Summary of Matbench's Tasks

Matbench's 13 tasks can be broken down into various categories; it includes both the small - less than 10,000 samples - datasets that characterize experimental materials data as well as larger datasets from computer modelling methods like density functional theory (DFT).


Each task in Matbench consists of a three things:

  1. A set of inputs: crystal structures or chemical compositions.
  2. A set of outputs: target properties, such as formation energy.
  3. A test procedure: a way to get a score for your algorithm

The Matbench Python package provides functions for getting the first two (packaged together for each task as a dataset) as well as running the test procedure.

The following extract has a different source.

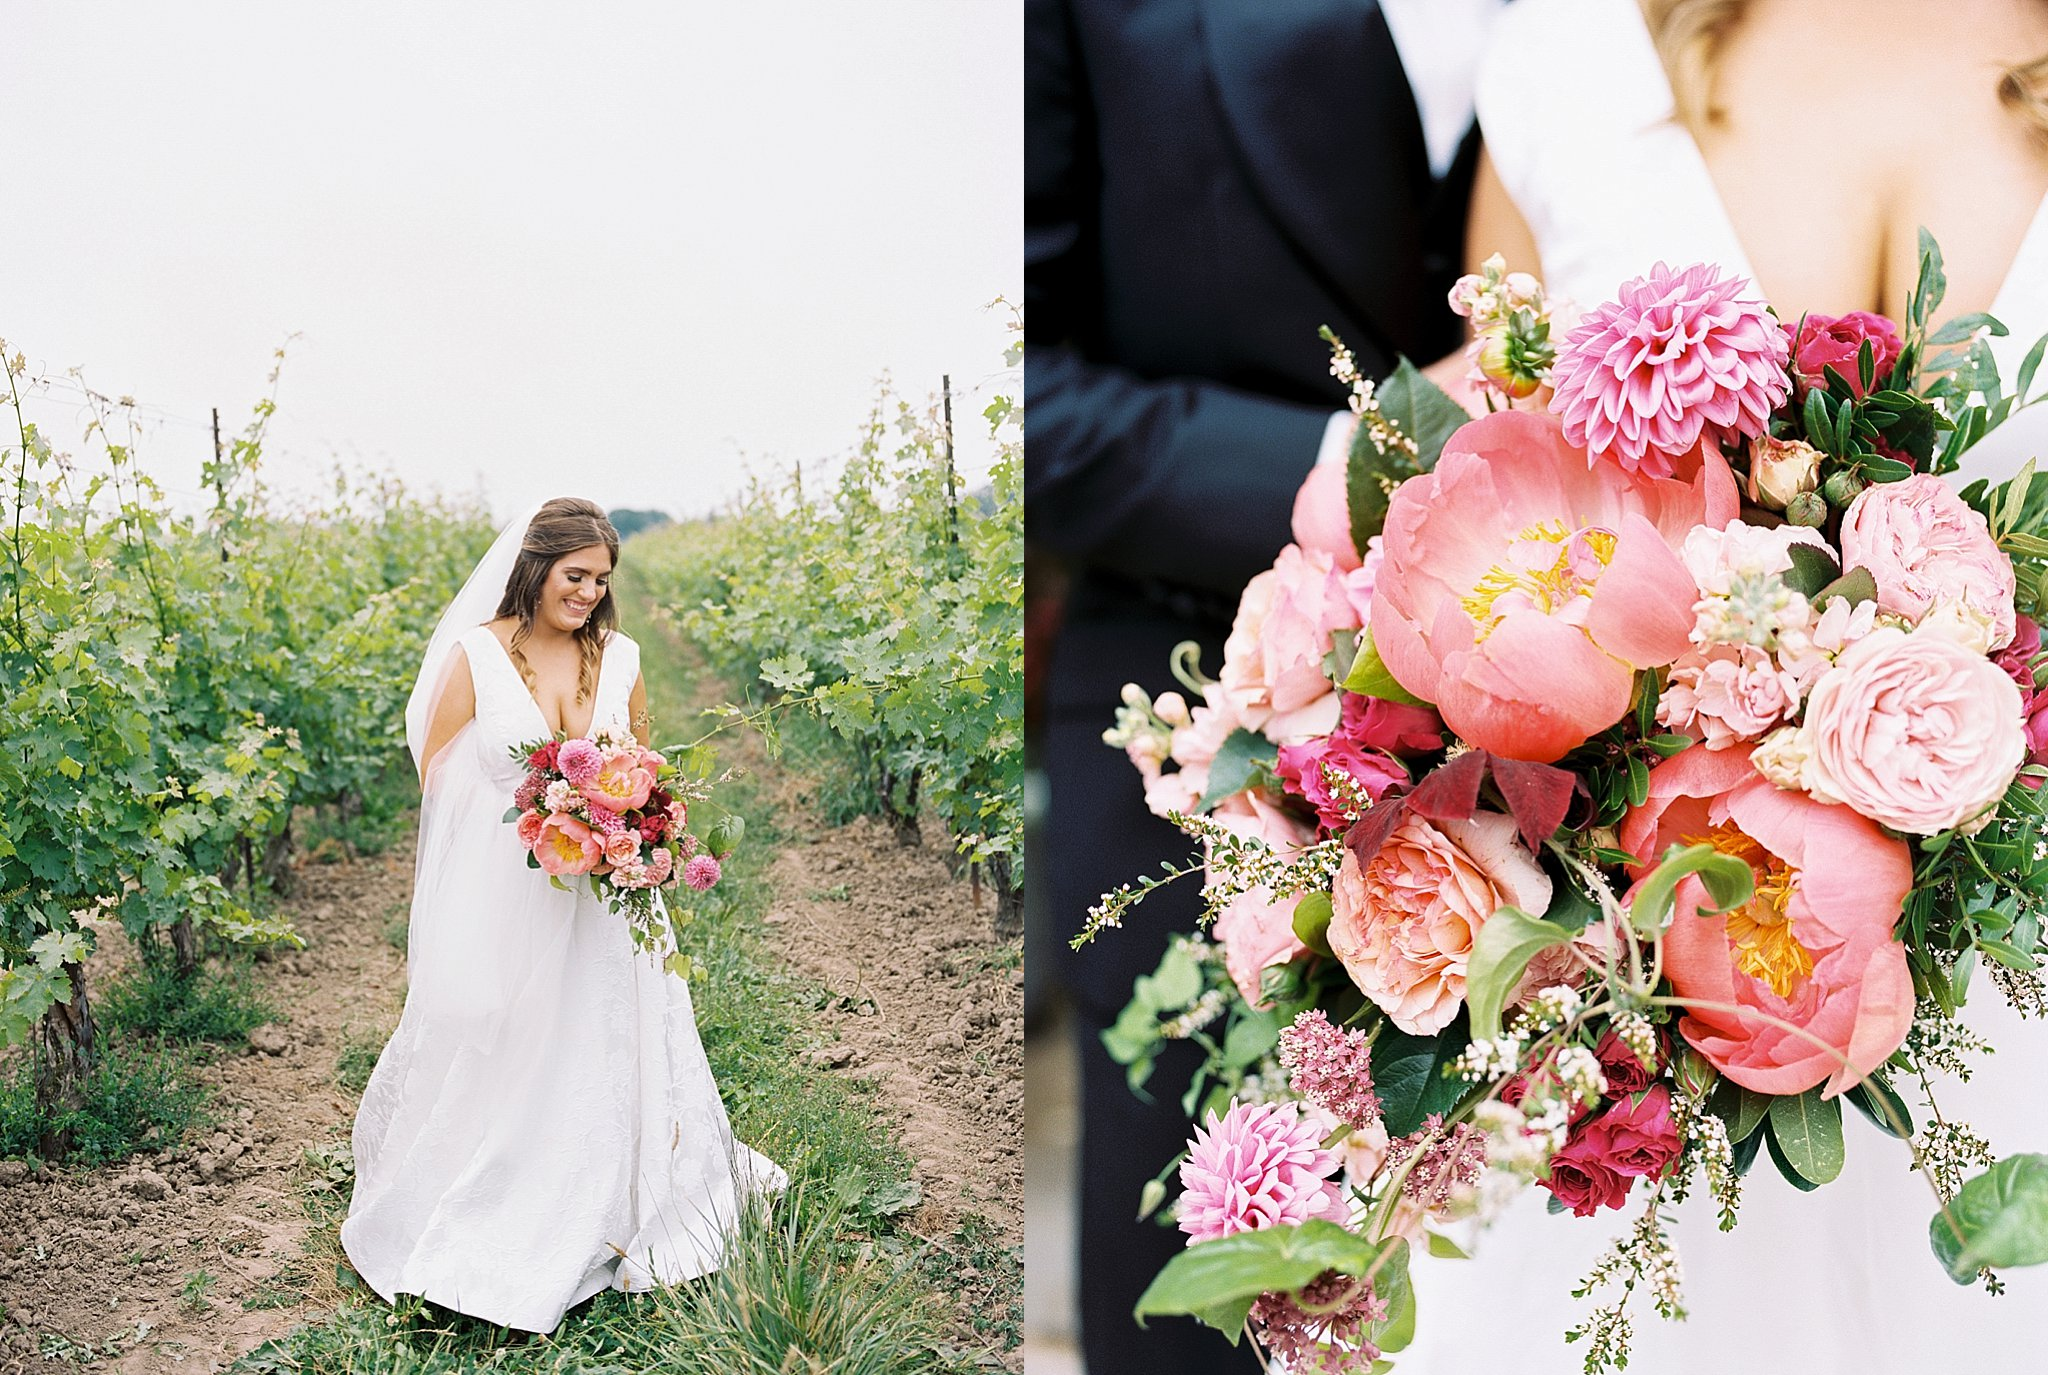 Film Photographer, Toronto FIlm Photographer, Durham Region Wedding Photographer

See the How to use documentation page to get started.

Citing Matbench

You can find details and results on the benchmark in our paper Benchmarking materials property prediction methods: the Matbench test set and Automatminer reference algorithm. Please consider citing this paper if you use Matbench v0.1 for benchmarking, comparison, or prototyping.

You can cite Matbench using this reference:

Dunn, A., Wang, Q., Ganose, A., Dopp, D., Jain, A. 
Benchmarking Materials Property Prediction Methods: 
The Matbench Test Set and Automatminer Reference Algorithm. 
npj Computational Materials 6, 138 (2020).